JOB: 3 PhD candidates in legal history (Tilburg Law School) (DEADLINE: 15 October 2022)


(Source: Career5)

Tilburg Law School has 3 vacancies for PhD candidates in legal history for the CaPANES project on the historical use of sovereignty concepts in cities of commerce.

Department: Public Law & Governance 
Location: Tilburg  
Scientific area: Legal History 
Full time equivalent: 0.8-1.0 FTE (32-40 hours per week) 
Duration of employment contract: two years, with possible extension
Monthly full-time salary: €2,541 - €3,247 gross 
Closing date vacancy: October 15, 2022    


The department of Public Law and Governance (PLG) is looking for 3 PhD Candidates who will be working within the project ‘Causal Pattern Analysis of Economic Sovereignty’ (CaPANES), which is funded by the European Research Council (ERC, ERC Consolidator Grant 2021, nr 101044356).
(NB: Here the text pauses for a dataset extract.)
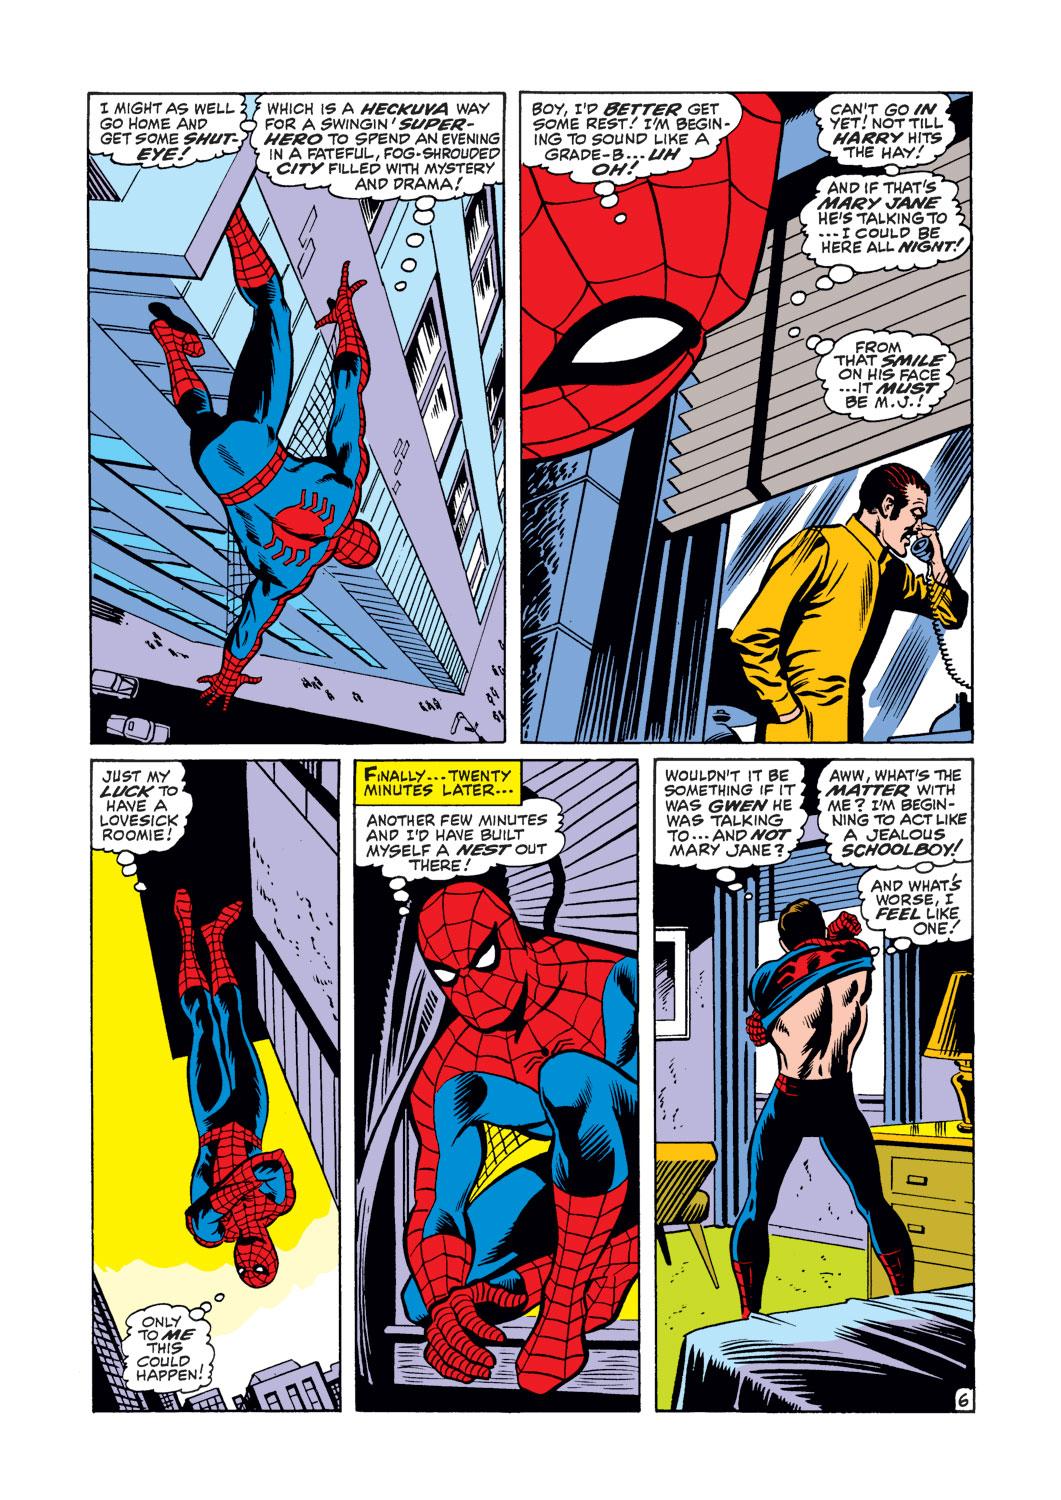 The Amazing Spider-Man (1963) 78 Page 6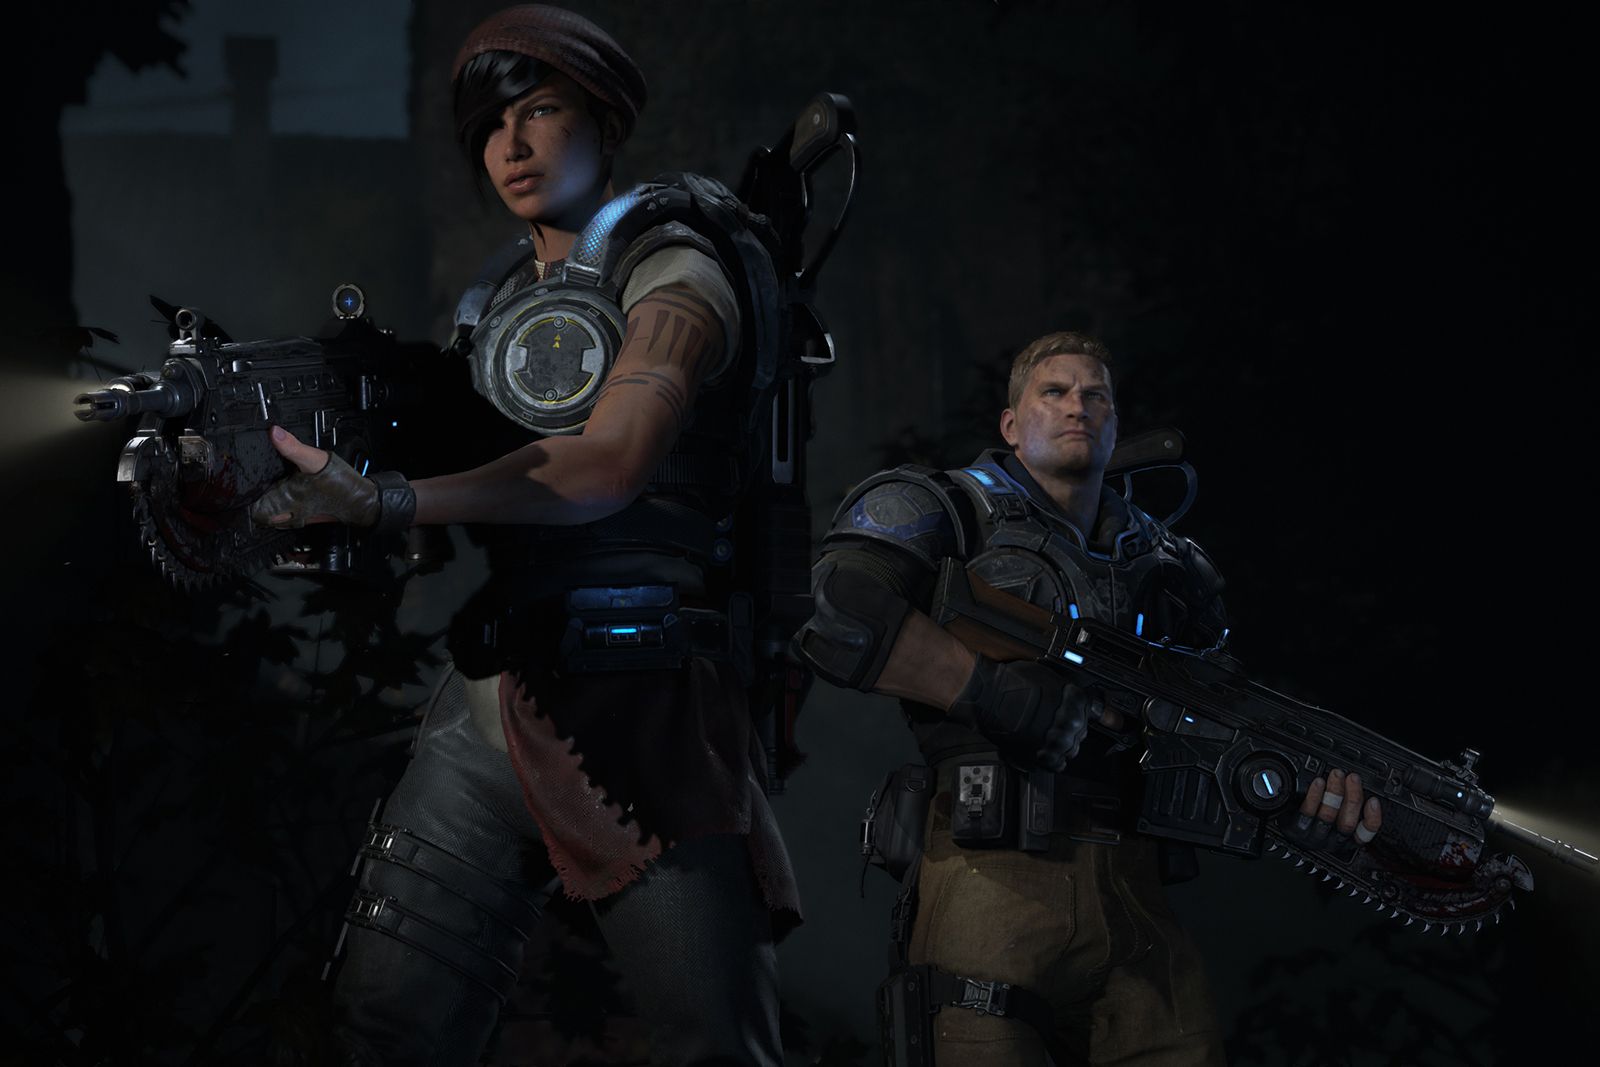 gears of war 4 review image 1

PLG is a large, diverse and interdisciplinary department, home to nearly 100 academic staff and a range of legal and social science disciplines. You will develop and grow in research, both individually and as part of a team of ambitious scholars.
Job Description 
As PhD Candidate in legal history, you will analyze the historical use of sovereignty concepts in cities of commerce. The CaPANES project hypothesizes that in the early modern period cities of commerce, even within states, had foreign relations of their own and made strategic use of legal terms that defined their economic sovereignty. The CaPANES project pursues legal-historical analysis of both the domestic context of cities of commerce and of their interactions with other cities and states. The CaPANES combines qualitative and quantitative methods (social network analysis, modelling), and aims to yield conclusions that are relevant also for discussions on present-day economic sovereignty. The PhD Candidates will analyze the law, institutions and correspondence of six cities of commerce (Florence, Toulouse, Rouen, Bruges, Southampton and Lübeck). The first PhD position is concerned with Bruges and Southampton (c. 1400-c. 1520), the second PhD position with Rouen and Lübeck (c. 1450-c. 1620) and the third one with Florence and Toulouse (c. 1400-c. 1550). 20% of the appointment may be dedicated to teaching and/or administration.